§ Work to be completed:
Please reproduce every entry below without omitting a single line.
-------- Data shown --------
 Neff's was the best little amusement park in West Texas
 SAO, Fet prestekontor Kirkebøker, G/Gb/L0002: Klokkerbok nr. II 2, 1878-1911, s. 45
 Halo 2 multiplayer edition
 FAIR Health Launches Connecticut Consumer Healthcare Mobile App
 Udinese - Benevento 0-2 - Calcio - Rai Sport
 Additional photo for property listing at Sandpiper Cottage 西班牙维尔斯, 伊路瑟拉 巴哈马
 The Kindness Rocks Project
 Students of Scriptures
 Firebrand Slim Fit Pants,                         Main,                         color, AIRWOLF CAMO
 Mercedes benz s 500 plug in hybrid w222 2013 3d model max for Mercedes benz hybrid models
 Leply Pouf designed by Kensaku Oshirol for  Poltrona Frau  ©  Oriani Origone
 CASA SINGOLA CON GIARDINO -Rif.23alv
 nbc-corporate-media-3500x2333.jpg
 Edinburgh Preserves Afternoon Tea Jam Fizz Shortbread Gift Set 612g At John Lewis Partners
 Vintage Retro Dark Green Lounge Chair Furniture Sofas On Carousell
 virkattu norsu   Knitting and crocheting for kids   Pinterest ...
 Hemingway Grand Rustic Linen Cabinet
--------
§ Task solution:
 Neff's was the best little amusement park in West Texas
 SAO, Fet prestekontor Kirkebøker, G/Gb/L0002: Klokkerbok nr. II 2, 1878-1911, s. 45
 Halo 2 multiplayer edition
 FAIR Health Launches Connecticut Consumer Healthcare Mobile App
 Udinese - Benevento 0-2 - Calcio - Rai Sport
 Additional photo for property listing at Sandpiper Cottage 西班牙维尔斯, 伊路瑟拉 巴哈马
 The Kindness Rocks Project
 Students of Scriptures
 Firebrand Slim Fit Pants,                         Main,                         color, AIRWOLF CAMO
 Mercedes benz s 500 plug in hybrid w222 2013 3d model max for Mercedes benz hybrid models
 Leply Pouf designed by Kensaku Oshirol for  Poltrona Frau  ©  Oriani Origone
 CASA SINGOLA CON GIARDINO -Rif.23alv
 nbc-corporate-media-3500x2333.jpg
 Edinburgh Preserves Afternoon Tea Jam Fizz Shortbread Gift Set 612g At John Lewis Partners
 Vintage Retro Dark Green Lounge Chair Furniture Sofas On Carousell
 virkattu norsu   Knitting and crocheting for kids   Pinterest ...
 Hemingway Grand Rustic Linen Cabinet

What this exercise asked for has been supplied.